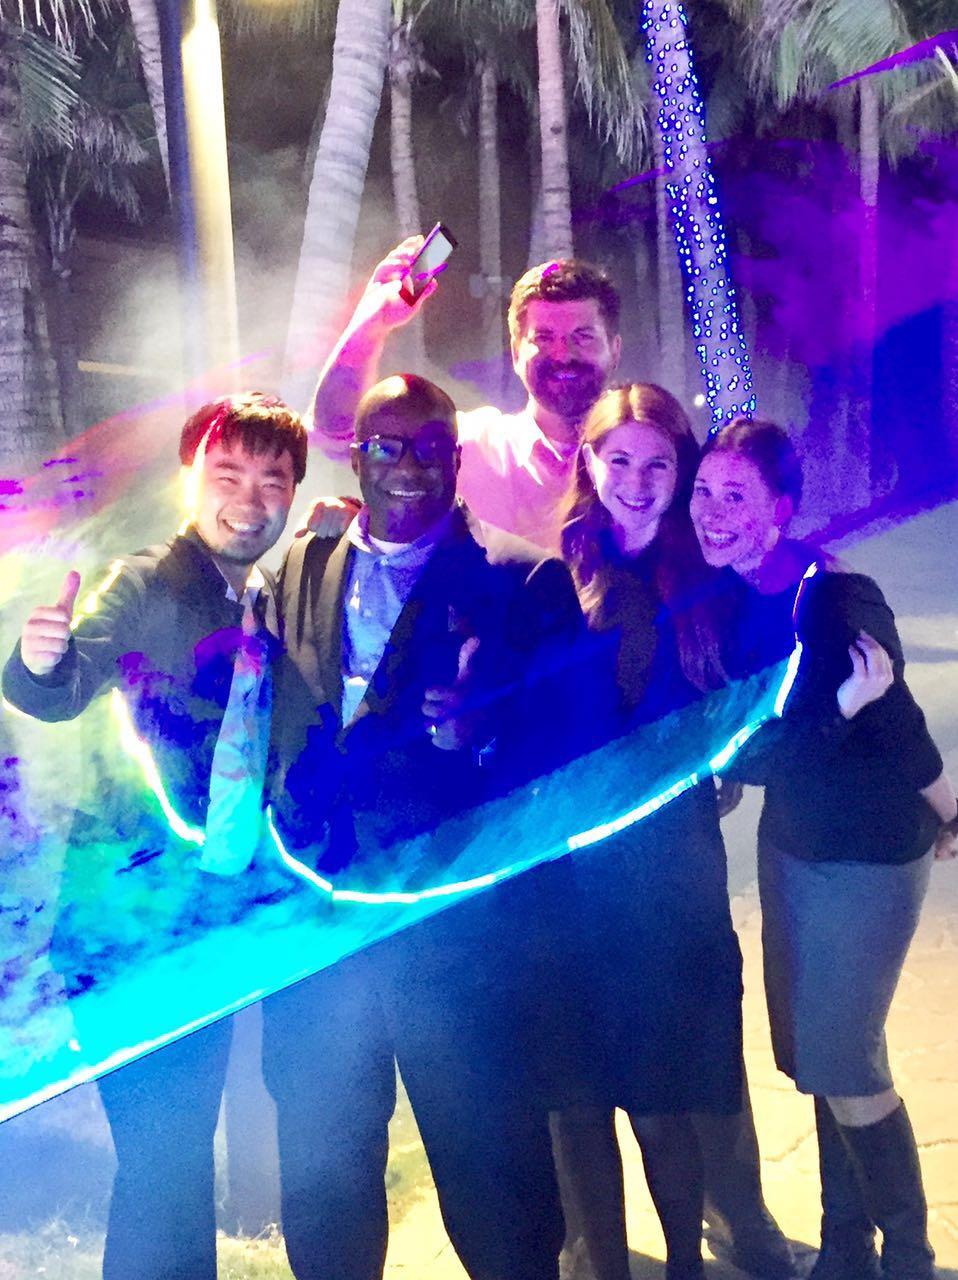 Laser light shows with our entrepreneur host
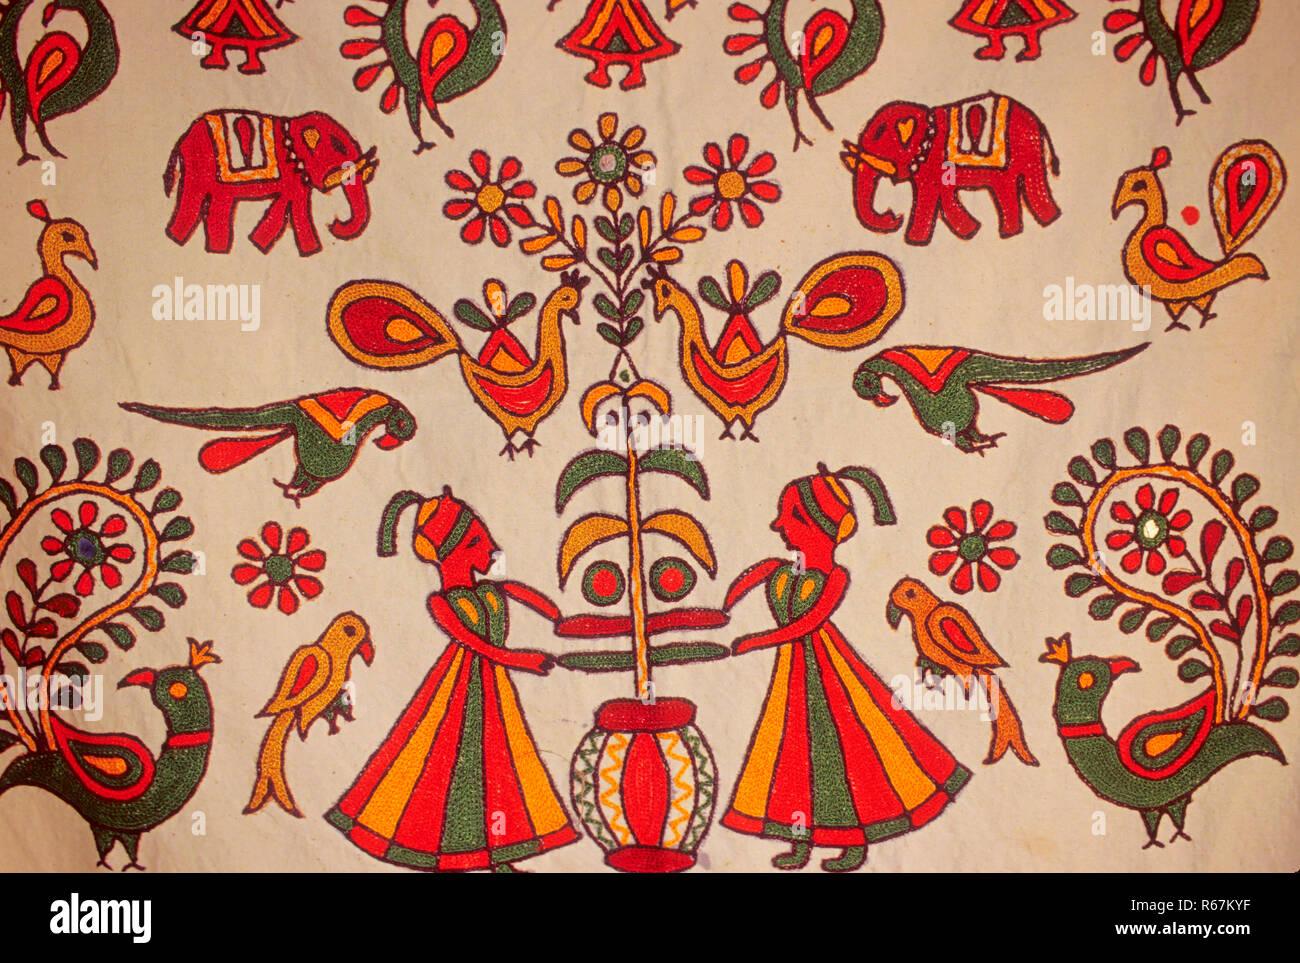 folk design on cotton cloth Stock Photo
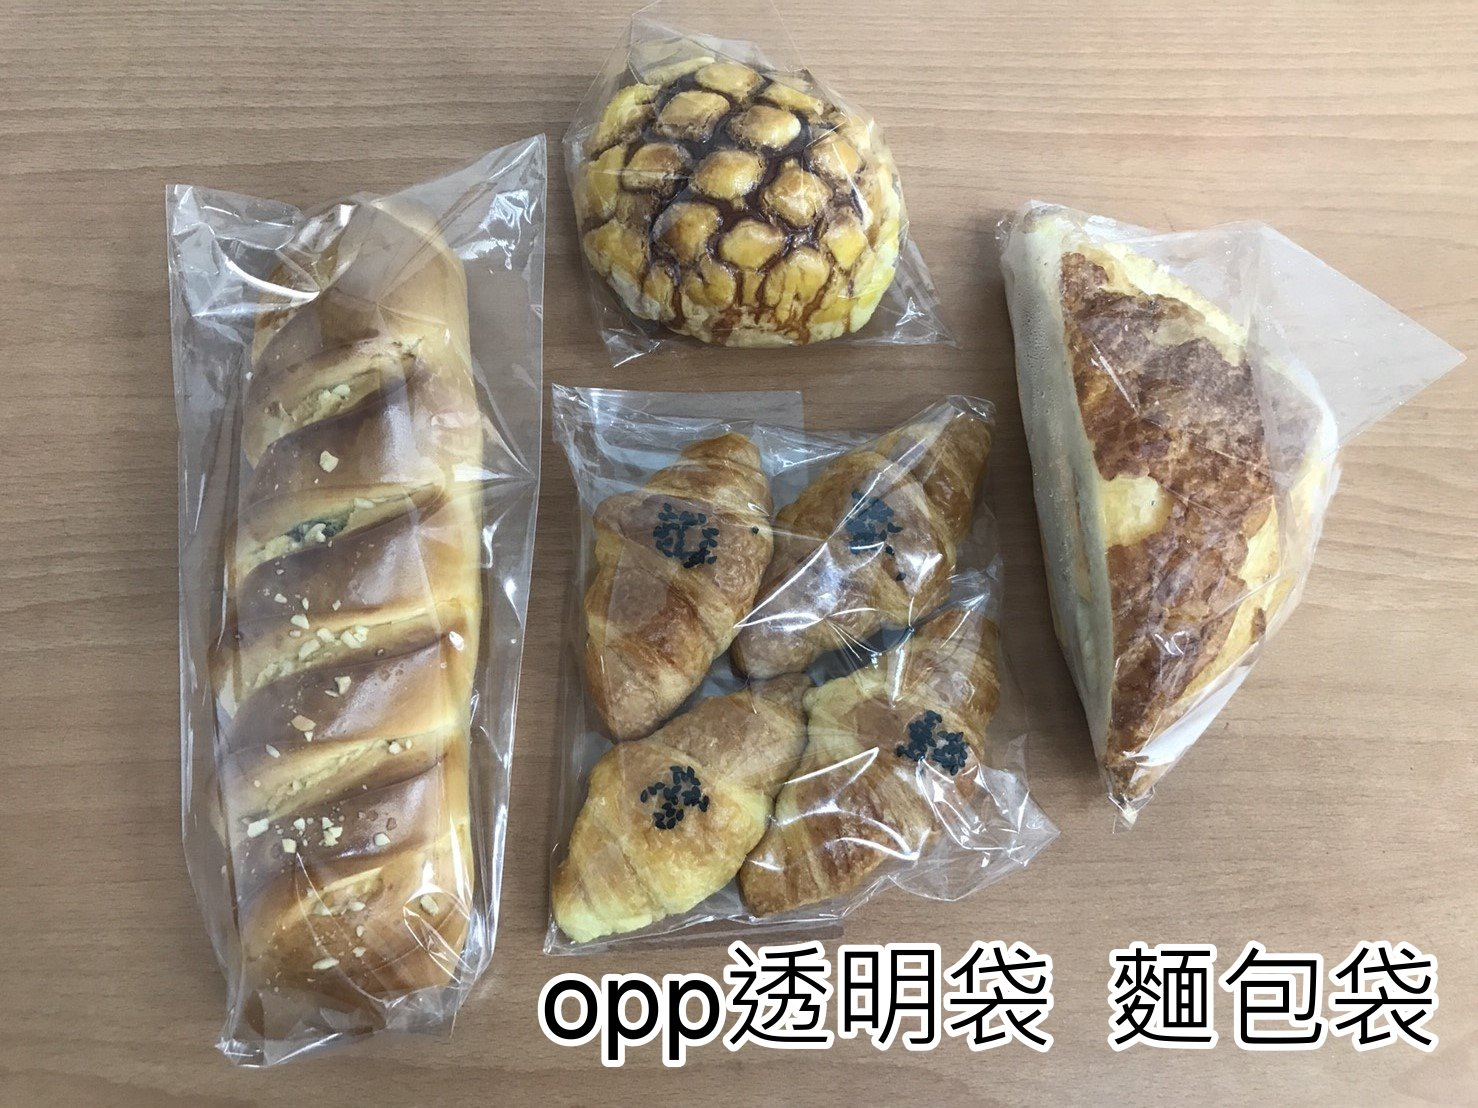 opp透明袋麵包袋

**Work instruction**
Leave the pictures out and output the rest of the listing exactly.

**Written solution**
 Laser light shows with our entrepreneur host
 folk design on cotton cloth Stock Photo
 opp透明袋麵包袋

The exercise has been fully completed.